# accompagnatore turistico / guida turistica



## marina_janis

Ciao a Tutti,
vorrei sapere come si traduce in inglese la professione di ACCOMPAGNATORE TURISTICO.
Ho trovato molti termini, ma ne vorrei uno sicuro.

TOUR LEADER?
TOUR REP?
TOUR MANAGER?


grazie della collaborazione
M


----------



## Benzene

Ciao marina_janis!

Ti scrivo tutti i vocaboli che conosco:

"*accompagnatore turistico*" = "*courier*", "*tour leader*", "*conductor*", "*guide*".

Bye,

Benzene


----------



## Tristano

In genere diciamo "tour guide" in AE. Mai "courier"! Nemmeno "conductor" che ha un altro significato...

Tristano


----------



## anglomania1

Tristano said:


> In genere diciamo "tour guide" in AE. Mai "courier"! Nemmeno "conductor" che ha un altro significato...
> 
> Tristano


 

Hello, 
I totally agree -  it's the same in BE, too!
I'd go for tour guide, 
Anglo


----------



## You little ripper!

According to the Oxford-Paravia dictionary:

*Accompagnatore*
 ~ turistico (travel) courier. 
*Guida*
~ turistica tour guide, travel courier. 

Marina, can you give us some context so that we can be sure of what we are translating?


----------



## Tristano

Charles Costante said:


> According to the Oxford-Paravia dictionary:
> 
> *Accompagnatore*
> ~ turistico (travel) courier.
> *Guida*
> ~ turistica tour guide, travel courier.
> 
> Marina, can you give us some context so that we can be sure of what we are translating?

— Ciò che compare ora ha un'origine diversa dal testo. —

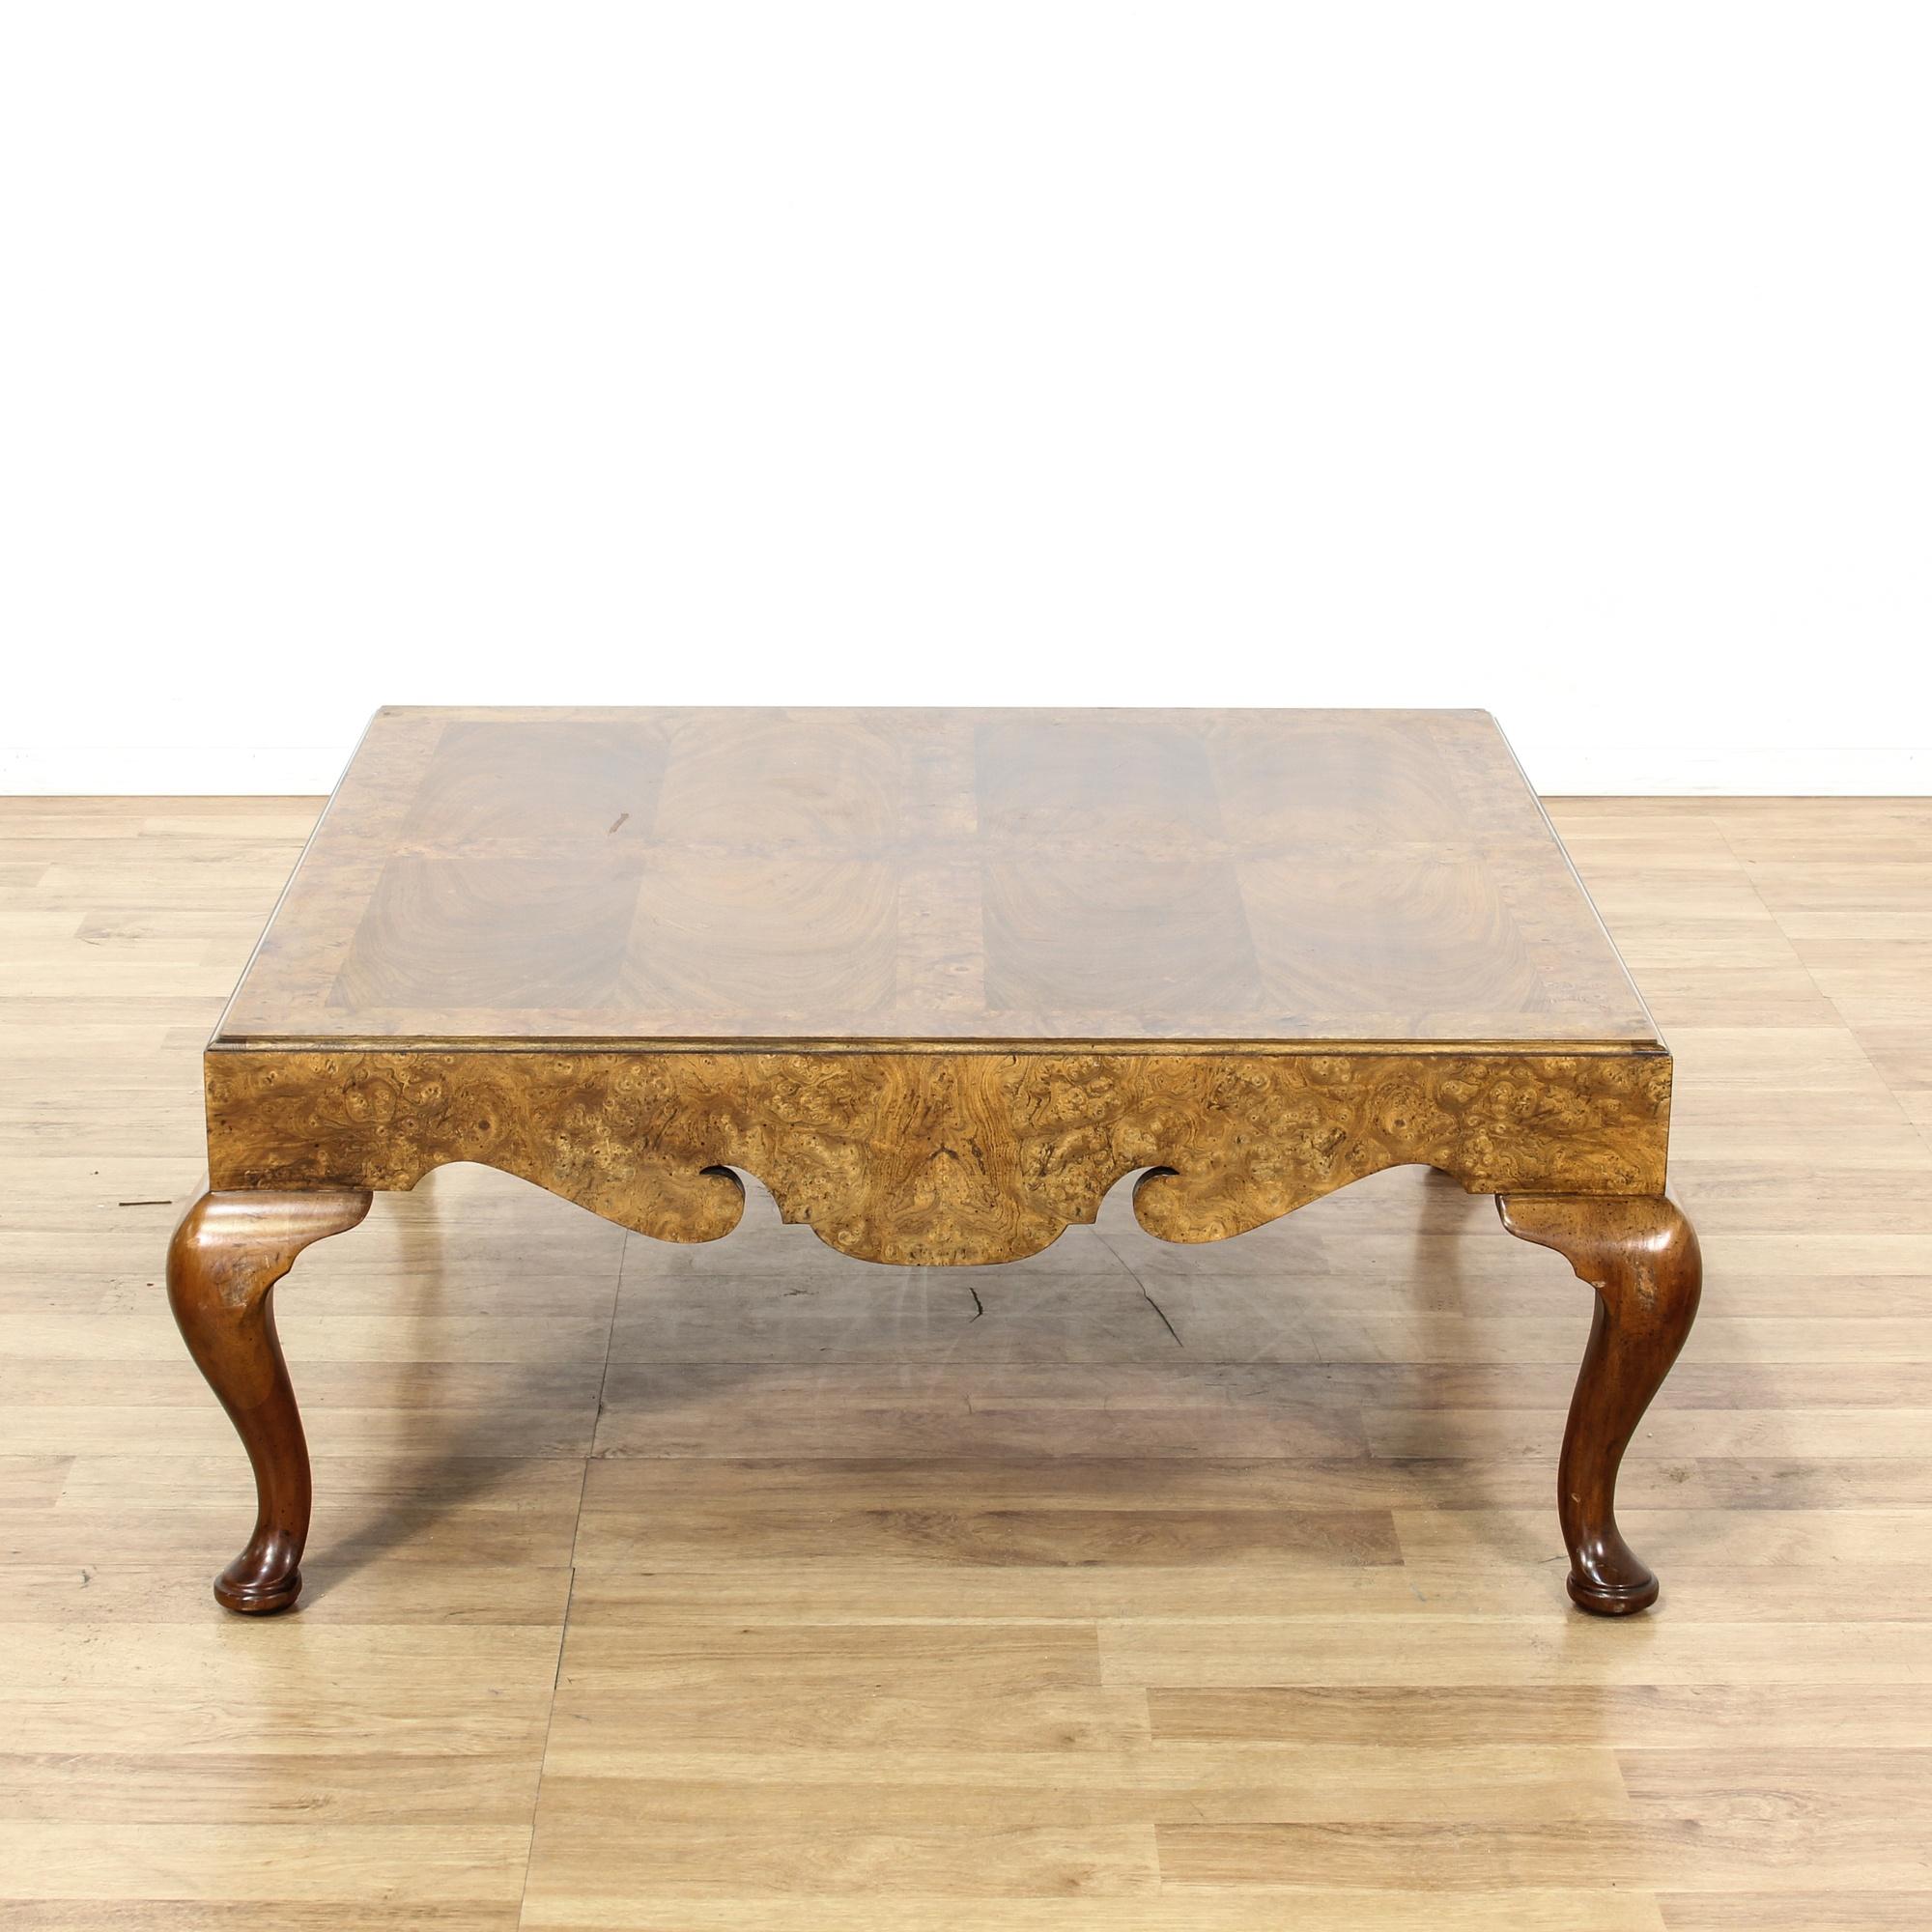 Burl Coffee Table Legs: Large Square Burl Wood Coffee Table

Regardless of what the Oxford-Paravia says, "travel courier" or "turistic courier" is not something we would ever say in AE--- they both sound ridiculous.

Tristano


----------



## bridgespotter

A previous thread in this forum came to the conclusion that Tour Escort might be the best term to describe accompagnatore as  distinct from a Tour guide who has a different range of duties.


----------



## You little ripper!

Tristano said:


> Regardless of what the Oxford-Paravia says, "travel courier" or "turistic courier" is not something we would ever say in AE--- they both sound ridiculous.
> 
> Tristano


Tristano, there are over 34,000 Google listings for *travel courier* and most of them are American. A *travel courier* is someone who travels without luggage to fill a seat a company has purchased in order to send goods or papers. The reason they do this is because it is faster; the getting there is faster and so is the custom clearance (as opposed to regular cargo).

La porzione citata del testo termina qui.